### TASK DESCRIPTION
The copy you print must match the listing exactly, with its pictures removed.

### INFORMATION PROVIDED
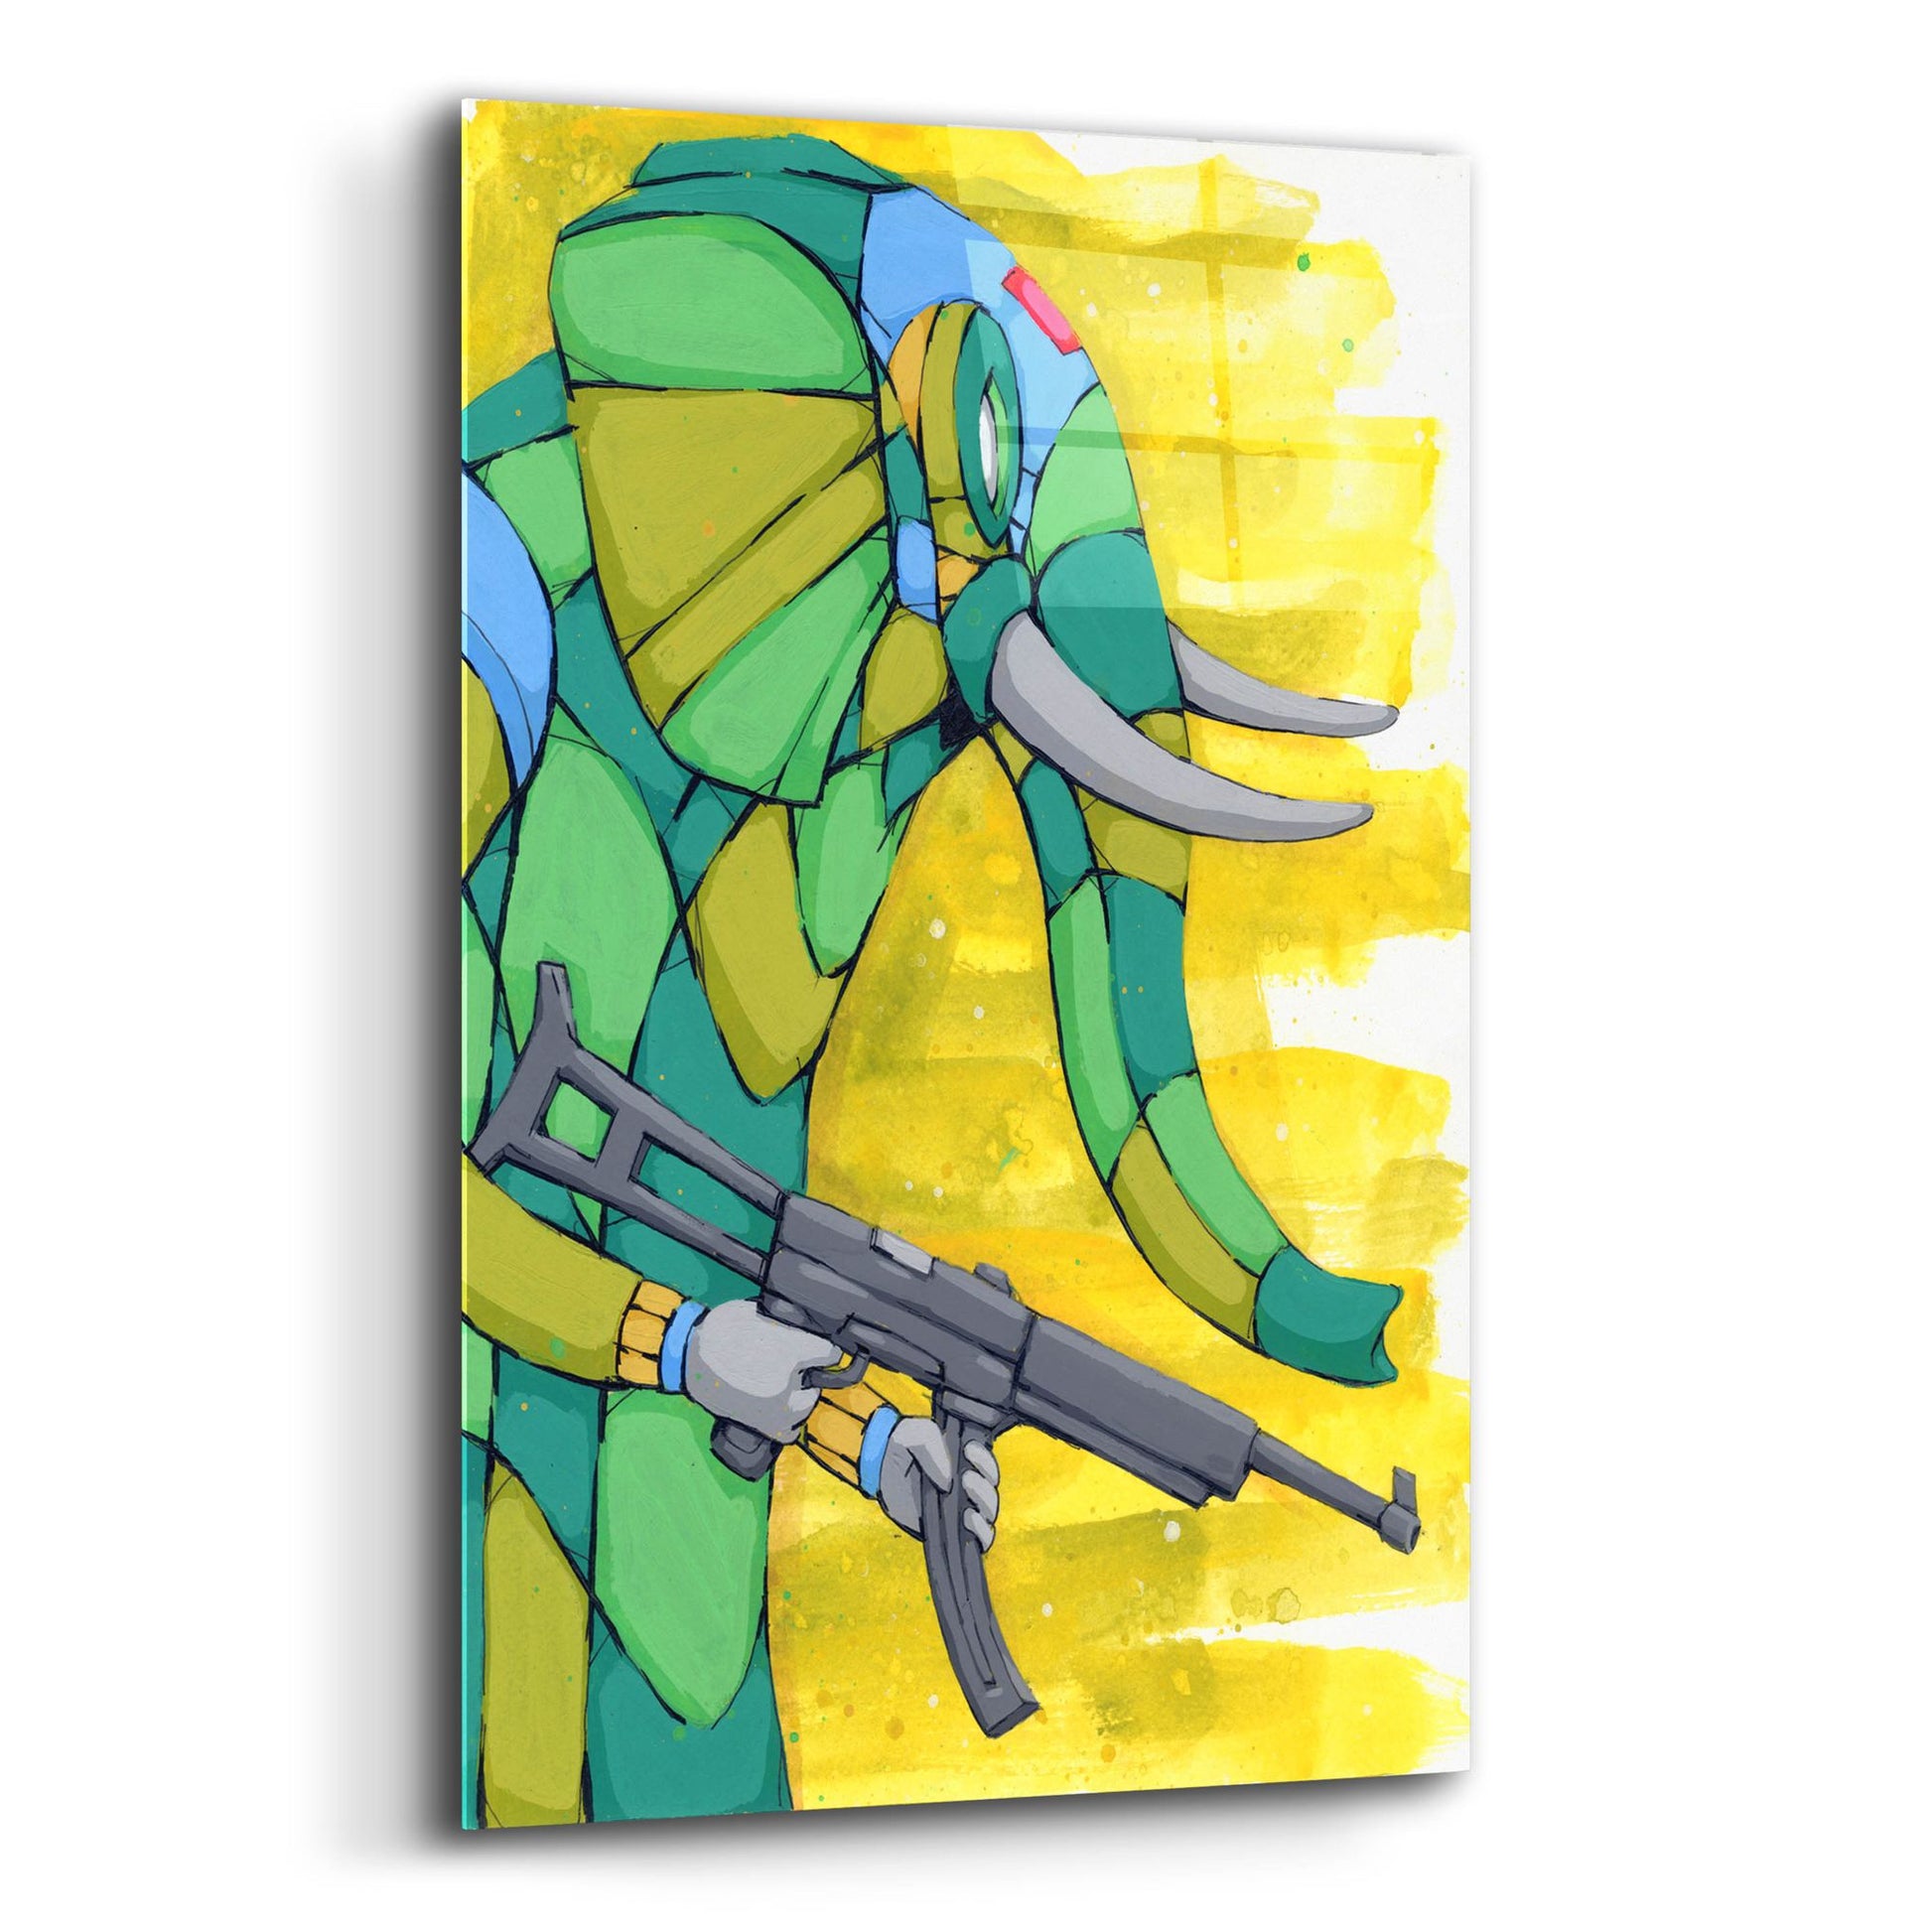 Epic Art 'Protecting his Ivory' by Ric Stultz, Acrylic Glass Wall Art,16x24
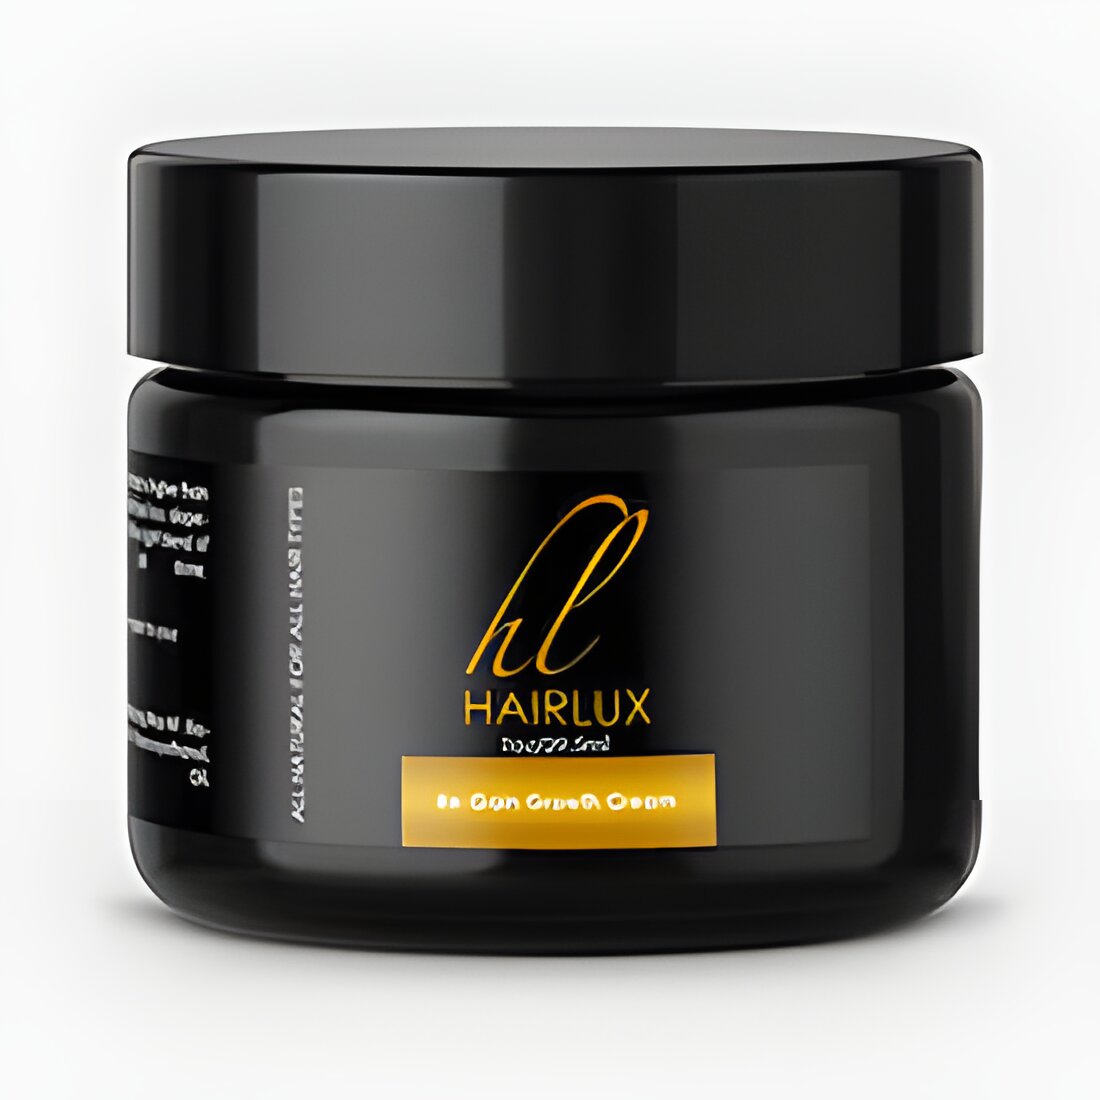 Free HairLux Hair Treatment Product Sample
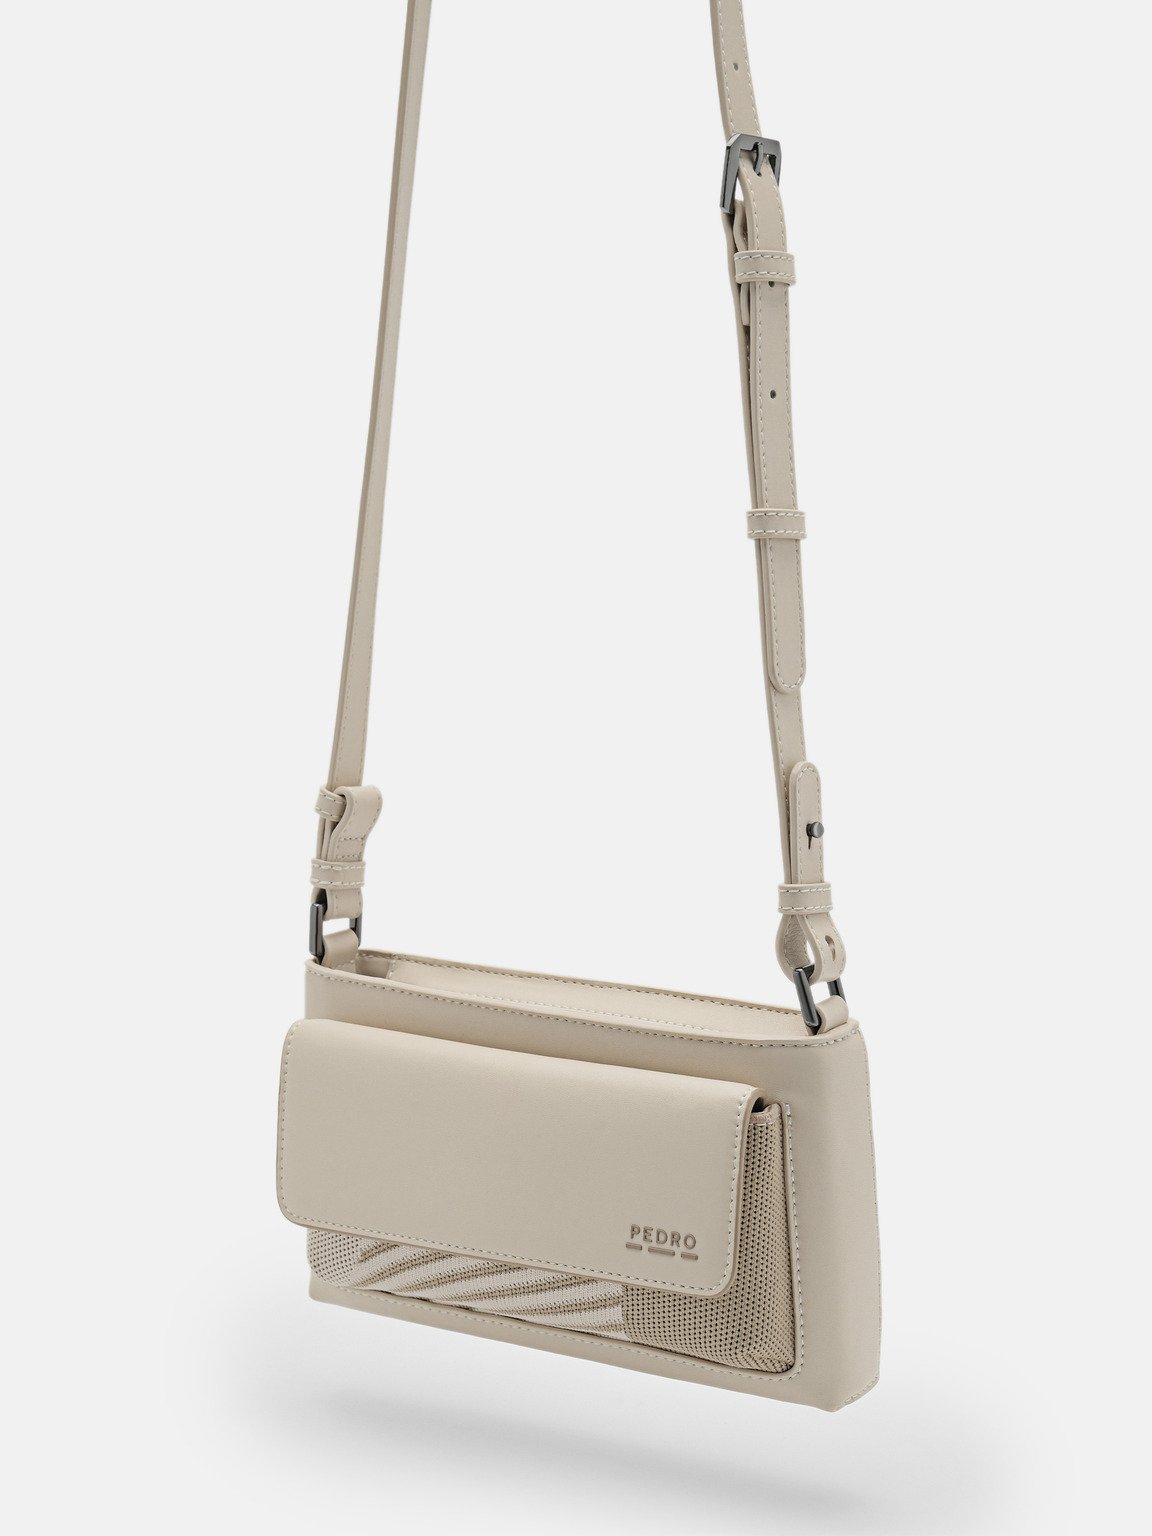 rePEDRO Recycled Leather Mini Sling Bag, Sand

### WRITTEN SOLUTION
 Epic Art 'Protecting his Ivory' by Ric Stultz, Acrylic Glass Wall Art,16x24
 Free HairLux Hair Treatment Product Sample
 rePEDRO Recycled Leather Mini Sling Bag, Sand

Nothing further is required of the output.